Tamam son birkaç aydır 24 Kasım tarihinde Paris'e gideceğim için heyecanlıydım ama özellikle 13 Kasım'da yaşanan terör olaylarından sonra bu heyecan dokuzla çarpıldı, kalbime bölündü, kruvasanlarla toplandı. Ortaya epey saçma sonuçlar çıktı.
Ailemin ve arkadaşlarımın "Gerçekten gidecek misin?" sorusuna çok emin bir şekilde "giderim tabii" diyemedim ama hazırlıkları iptal etmek için de çok bir sebep göremedim. Sonuçta İstanbul'da "dertler derya" şeklinde yaşamaya çalıştığım gerçeği kabak gibi ortada.

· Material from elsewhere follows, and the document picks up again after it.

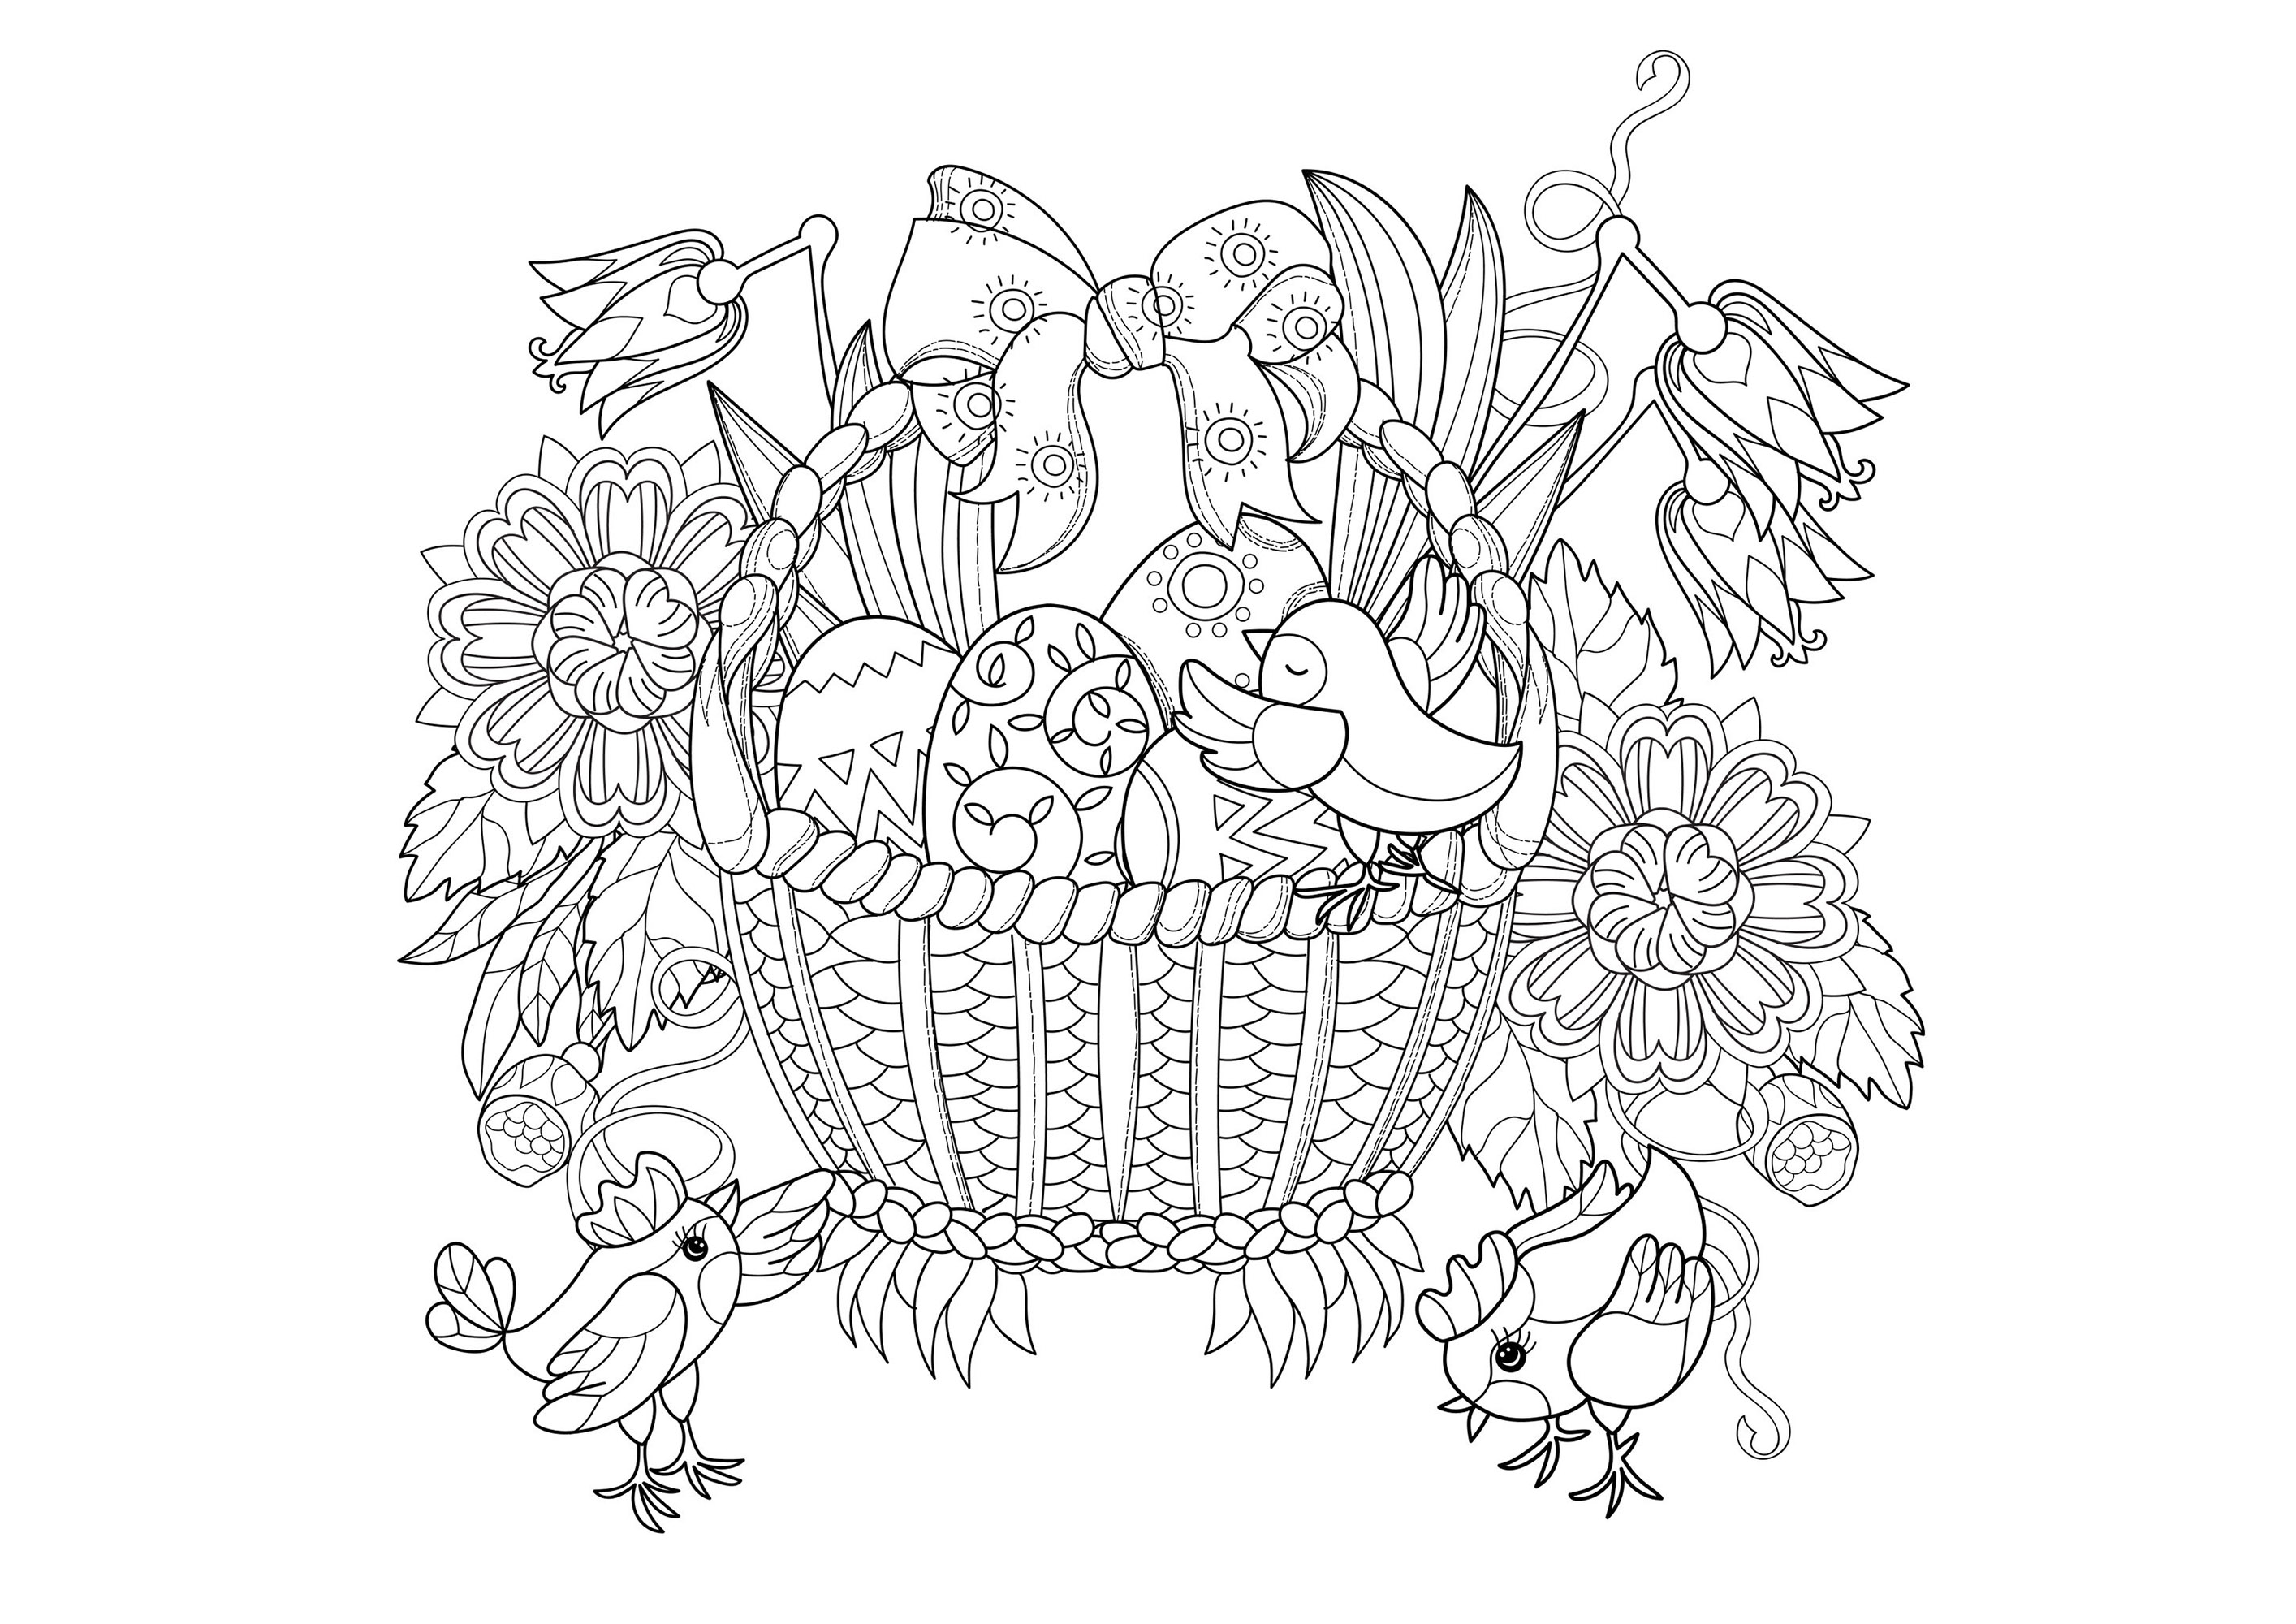 Bonita página para colorear (pero cpmplex) de una cesta de mimbre con huevos de pascua y pajaritos, Artista : Yazzik   Origen : 123rf

Öyle böyle zaman geçti ve 24 Kasım'da Paris uçağı içinde benimle birlikte havalandı. Pasaport kontrolünü haricinde de içimde hiç korku kalmamıştı artık. Zaman, geçerken öpüyor her şeyi ve unutturuyor olanları ne de olsa.

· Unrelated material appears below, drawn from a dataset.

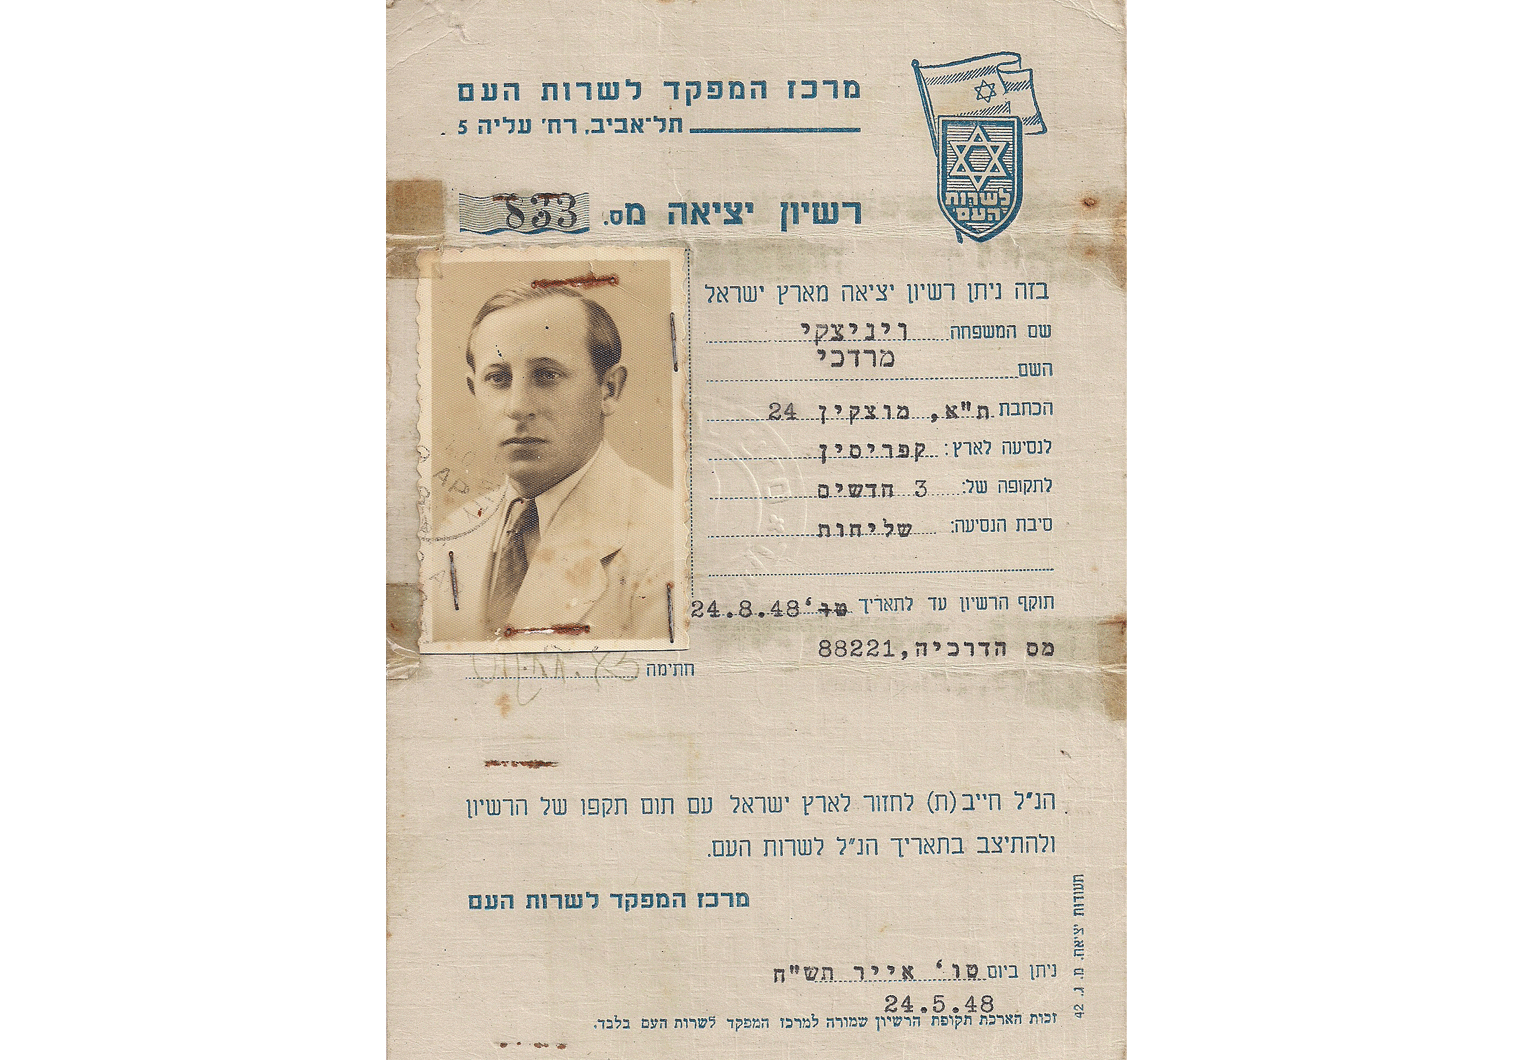 1948 interim travel document

Orly Havalivamına inince yağmurun beni karşılamasına ne desem bilemedim. Evet, bakalım şimdi ne olacak?
Ne olacak işte, şapkayı taktım pasaport kontrolüne geçtim. Bonjour deyip, pasaportumu uzattım ve hop geçtim. Çok kolay oldu. "Yaşasın Paris" kısmı başlayabilir!